Для всех этих высоких слов об освобождении и т.д. характерно, что освобождаемым и т.д. является всегда только «Человек». Хотя согласно вышеприведенному замечанию можно было бы думать, что «достояние», «деньги» и т.д. перестали существовать, однако из следующей фразы мы узнаем:

«Только после разрушения этих иллюзий» (деньги, рассматриваемые sub specie aeterni[452], конечно, только иллюзия: l’or n’est qu’une chim?re{328}) «можно начать думать о новом, человеческом строе общества» (там же).

Но это совершенно излишне, так как

«познание сущности Человека уже имеет своим естественным, необходимым следствием истинно человеческую жизнь» (стр. 172).

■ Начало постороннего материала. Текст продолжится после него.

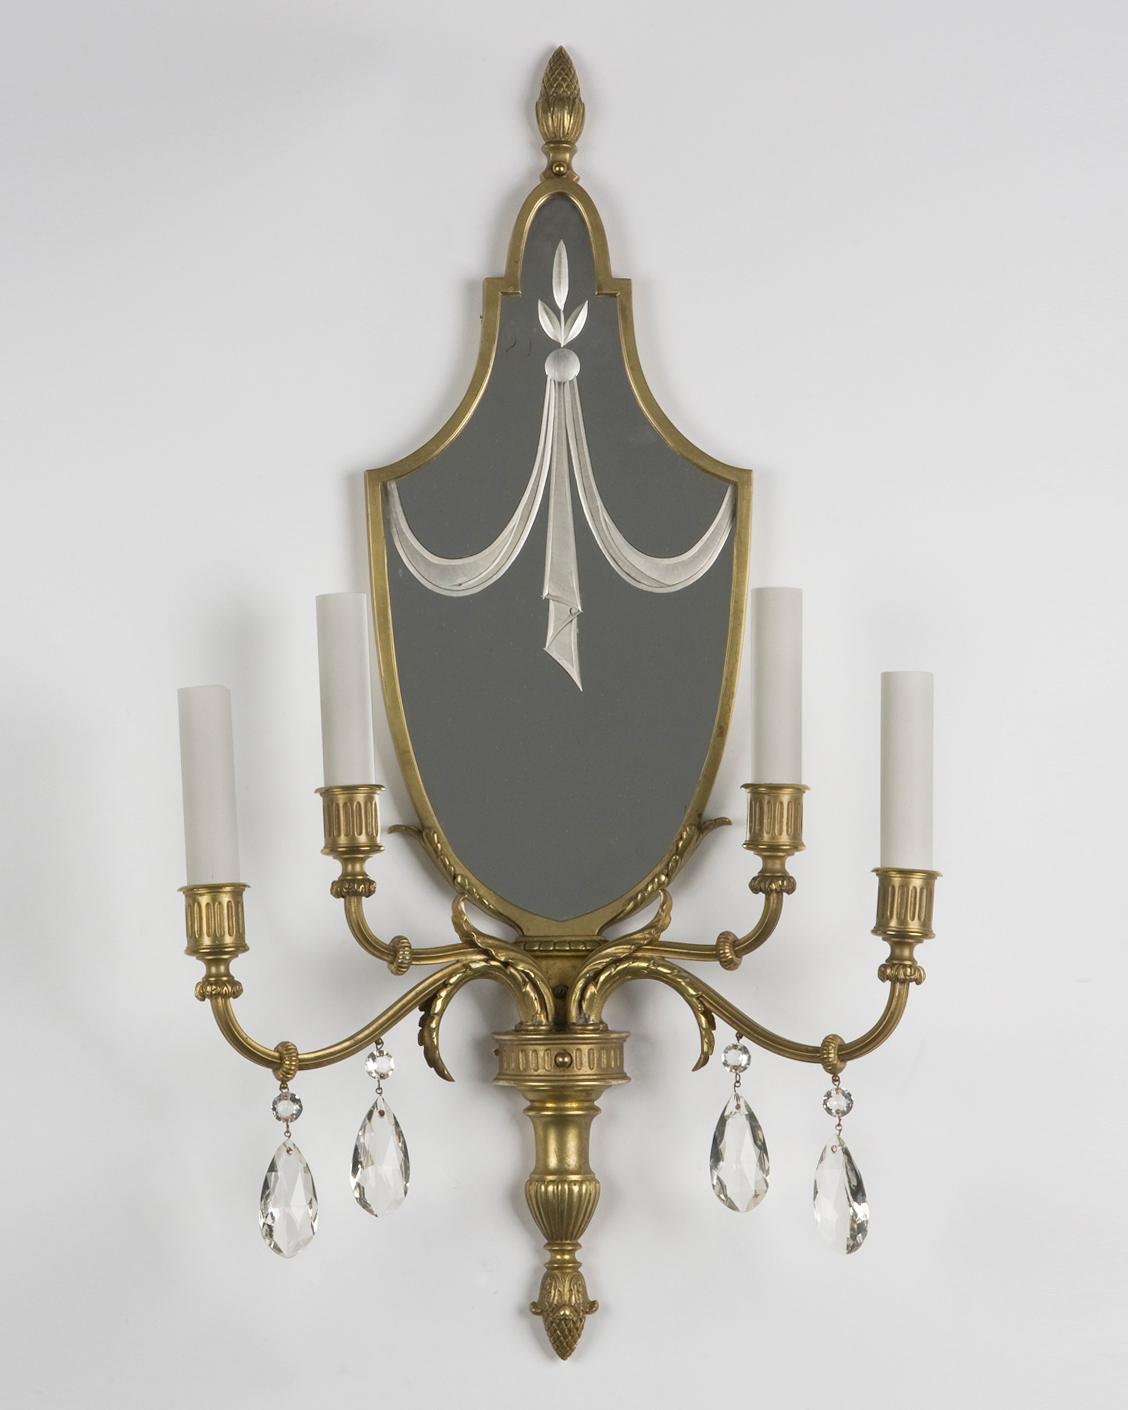 AIS1880
A pair of antique four arm sconces in old warm brass, with wheel-cut mirrored backplates. The arms dressed with faceted crystal prisms. From the Henry Ford Museum in Dearborn, Michigan.

Dimensions:
Overall: 27-1/2

Прийти через метафизику, через политику и т.д. к коммунизму или социализму – эти весьма излюбленные «истинными социалистами» фразы означают лишь, что тот или иной писатель приноровил к фразеологии своей прежней точки зрения коммунистические идеи, залетевшие к нему извне и зародившиеся в совершенно иных условиях, что он придал им выражение, соответствующее этой прежней его точке зрения. Преобладает ли та или иная из этих точек зрения у целого народа, окрашен ли его коммунистический образ мысли в политический, метафизический или иной цвет, – это, разумеется, зависит от всего хода развития этого народа. Из того факта, что мировоззрение большинства французских коммунистов имеет политическую окраску, – чему, однако, противостоит другой факт, а именно, что очень многие французские социалисты совершенно отвлеклись от политики, – наш автор заключает, что французы «пришли к коммунизму» «через политику», через свое политическое развитие. Эта фраза, выражающая вообще весьма распространенное в Германии мнение, свидетельствует не о том, что наш автор имеет кое-какое представление о политике и, в частности, о французском политическом развитии или о коммунизме, а лишь о том, что он считает – вместе со всеми идеологами – политику самостоятельной сферой, которой присуще собственное, самостоятельное развитие.

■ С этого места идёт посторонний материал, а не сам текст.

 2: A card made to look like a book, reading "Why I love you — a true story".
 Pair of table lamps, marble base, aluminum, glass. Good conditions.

Другим излюбленным словечком «истинных социалистов» является «истинная собственность», «истинная, личная собственность», «действительная», «общественная», «живая», «естественная» и т.д. и т.д. собственность; весьма характерно при этом, что для обозначения частной собственности они употребляют выражение «так называемая собственность». Мы уже в первом томе указали, что эта терминология ведет свое начало от сен-симонистов, однако у последних она никогда не принимала этой немецкой метафизико-мистической формы и была до известной степени правомерна в начале социалистического движения, если принять во внимание тупоумные вопли буржуа[453]. Впрочем, конечный этап развития большинства сен-симонистов доказывает, с какой легкостью «истинная собственность» снова превращается в «обыкновенную частную собственность».

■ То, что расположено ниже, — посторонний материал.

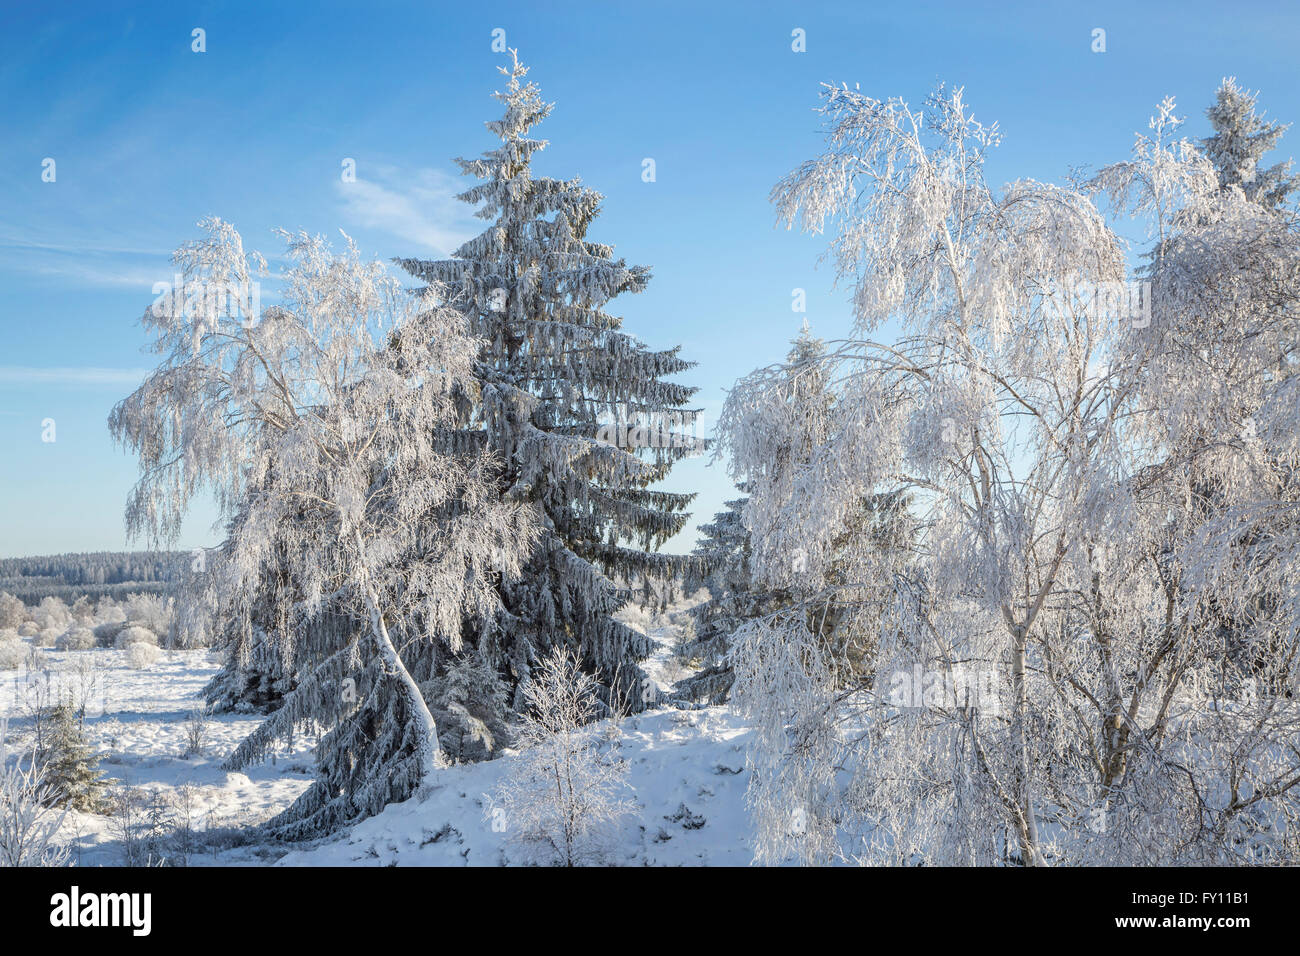 Norway spruce (Picea abies) and downy birch (Betula pubescens) trees covered in frost in winterHigh Fens, Ardennes, Belgium Stock Photo

Если противоположность коммунизма миру частной собственности представить себе в самой грубой форме, т.е. в самой абстрактной форме, в которой устранены все реальные условия этой противоположности, то получается противоположность между собственностью и отсутствием собственности. При таком подходе устранение этой противоположности можно рассматривать как устранение той или иной ее стороны, как уничтожение собственности, причем получается всеобщее отсутствие собственности или нищенство, либо же как уничтожение отсутствия собственности, заключающееся в установлении истинной собственности. В действительности же на одной стороне находятся действительные частные собственники, а на другой – лишенные собственности коммунистические пролетарии. Эта противоположность обостряется с каждым днем и неодолимо ведет к кризису. Поэтому, если теоретические представители пролетариев желают достигнуть чего-нибудь своей литературной деятельностью, то они прежде всего должны постараться покончить со всеми фразами, которые ослабляют сознание остроты этой противоположности, – со всеми фразами, которые затушевывают эту противоположность и даже позволяют буржуа, чтобы застраховать себя на всякий случай, приблизиться к коммунистам на почве филантропических мечтаний. Но все эти дурные свойства мы находим в излюбленных словечках «истинных социалистов», в особенности в «истинной собственности». Мы отлично знаем, что кучке немецких фразеров не погубить коммунистического движения. Но все же в такой стране, как Германия, где философские фразы в течение веков обладали известной силой, где отсутствие имеющихся у других народов резких классовых противоположностей и без того ослабляет остроту и решительность коммунистического сознания, – в такой стране надо выступать против всяческих фраз, которые могли бы еще более разжижить и ослабить сознание полнейшей противоположности коммунизма существующему порядку вещей.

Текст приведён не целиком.